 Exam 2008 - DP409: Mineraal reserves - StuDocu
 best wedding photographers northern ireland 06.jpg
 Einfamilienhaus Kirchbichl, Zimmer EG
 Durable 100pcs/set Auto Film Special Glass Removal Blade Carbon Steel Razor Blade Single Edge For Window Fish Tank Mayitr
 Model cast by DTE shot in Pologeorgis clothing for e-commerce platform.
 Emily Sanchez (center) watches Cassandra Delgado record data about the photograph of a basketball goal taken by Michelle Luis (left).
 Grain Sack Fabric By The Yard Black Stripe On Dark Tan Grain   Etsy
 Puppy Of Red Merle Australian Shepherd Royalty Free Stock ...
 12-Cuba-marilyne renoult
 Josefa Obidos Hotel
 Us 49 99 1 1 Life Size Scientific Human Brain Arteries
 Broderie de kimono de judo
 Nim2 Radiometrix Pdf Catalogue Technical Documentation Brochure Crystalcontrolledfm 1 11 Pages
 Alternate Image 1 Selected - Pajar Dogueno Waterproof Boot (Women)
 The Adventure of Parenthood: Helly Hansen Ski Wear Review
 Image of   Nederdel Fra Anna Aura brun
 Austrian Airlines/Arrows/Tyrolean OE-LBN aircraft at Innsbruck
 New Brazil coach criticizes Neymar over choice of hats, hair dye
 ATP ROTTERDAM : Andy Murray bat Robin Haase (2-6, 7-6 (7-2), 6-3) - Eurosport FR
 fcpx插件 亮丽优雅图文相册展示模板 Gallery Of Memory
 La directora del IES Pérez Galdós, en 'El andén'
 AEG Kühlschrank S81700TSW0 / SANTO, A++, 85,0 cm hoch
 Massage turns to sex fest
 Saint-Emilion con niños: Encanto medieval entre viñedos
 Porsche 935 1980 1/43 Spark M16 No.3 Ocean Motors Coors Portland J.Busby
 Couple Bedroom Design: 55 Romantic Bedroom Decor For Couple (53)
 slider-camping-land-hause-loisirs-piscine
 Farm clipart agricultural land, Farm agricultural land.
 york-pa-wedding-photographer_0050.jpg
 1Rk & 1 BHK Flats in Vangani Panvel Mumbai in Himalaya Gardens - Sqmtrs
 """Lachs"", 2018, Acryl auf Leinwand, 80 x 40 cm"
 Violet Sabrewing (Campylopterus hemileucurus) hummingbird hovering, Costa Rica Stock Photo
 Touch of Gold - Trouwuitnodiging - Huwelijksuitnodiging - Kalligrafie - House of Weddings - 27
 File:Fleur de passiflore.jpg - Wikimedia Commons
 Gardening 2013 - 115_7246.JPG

==========

# [Directions for this task]
All entries must be printed exactly, with nothing omitted.

# [Solved exercise]
 Exam 2008 - DP409: Mineraal reserves - StuDocu
 best wedding photographers northern ireland 06.jpg
 Einfamilienhaus Kirchbichl, Zimmer EG
 Durable 100pcs/set Auto Film Special Glass Removal Blade Carbon Steel Razor Blade Single Edge For Window Fish Tank Mayitr
 Model cast by DTE shot in Pologeorgis clothing for e-commerce platform.
 Emily Sanchez (center) watches Cassandra Delgado record data about the photograph of a basketball goal taken by Michelle Luis (left).
 Grain Sack Fabric By The Yard Black Stripe On Dark Tan Grain   Etsy
 Puppy Of Red Merle Australian Shepherd Royalty Free Stock ...
 12-Cuba-marilyne renoult
 Josefa Obidos Hotel
 Us 49 99 1 1 Life Size Scientific Human Brain Arteries
 Broderie de kimono de judo
 Nim2 Radiometrix Pdf Catalogue Technical Documentation Brochure Crystalcontrolledfm 1 11 Pages
 Alternate Image 1 Selected - Pajar Dogueno Waterproof Boot (Women)
 The Adventure of Parenthood: Helly Hansen Ski Wear Review
 Image of   Nederdel Fra Anna Aura brun
 Austrian Airlines/Arrows/Tyrolean OE-LBN aircraft at Innsbruck
 New Brazil coach criticizes Neymar over choice of hats, hair dye
 ATP ROTTERDAM : Andy Murray bat Robin Haase (2-6, 7-6 (7-2), 6-3) - Eurosport FR
 fcpx插件 亮丽优雅图文相册展示模板 Gallery Of Memory
 La directora del IES Pérez Galdós, en 'El andén'
 AEG Kühlschrank S81700TSW0 / SANTO, A++, 85,0 cm hoch
 Massage turns to sex fest
 Saint-Emilion con niños: Encanto medieval entre viñedos
 Porsche 935 1980 1/43 Spark M16 No.3 Ocean Motors Coors Portland J.Busby
 Couple Bedroom Design: 55 Romantic Bedroom Decor For Couple (53)
 slider-camping-land-hause-loisirs-piscine
 Farm clipart agricultural land, Farm agricultural land.
 york-pa-wedding-photographer_0050.jpg
 1Rk & 1 BHK Flats in Vangani Panvel Mumbai in Himalaya Gardens - Sqmtrs
 """Lachs"", 2018, Acryl auf Leinwand, 80 x 40 cm"
 Violet Sabrewing (Campylopterus hemileucurus) hummingbird hovering, Costa Rica Stock Photo
 Touch of Gold - Trouwuitnodiging - Huwelijksuitnodiging - Kalligrafie - House of Weddings - 27
 File:Fleur de passiflore.jpg - Wikimedia Commons
 Gardening 2013 - 115_7246.JPG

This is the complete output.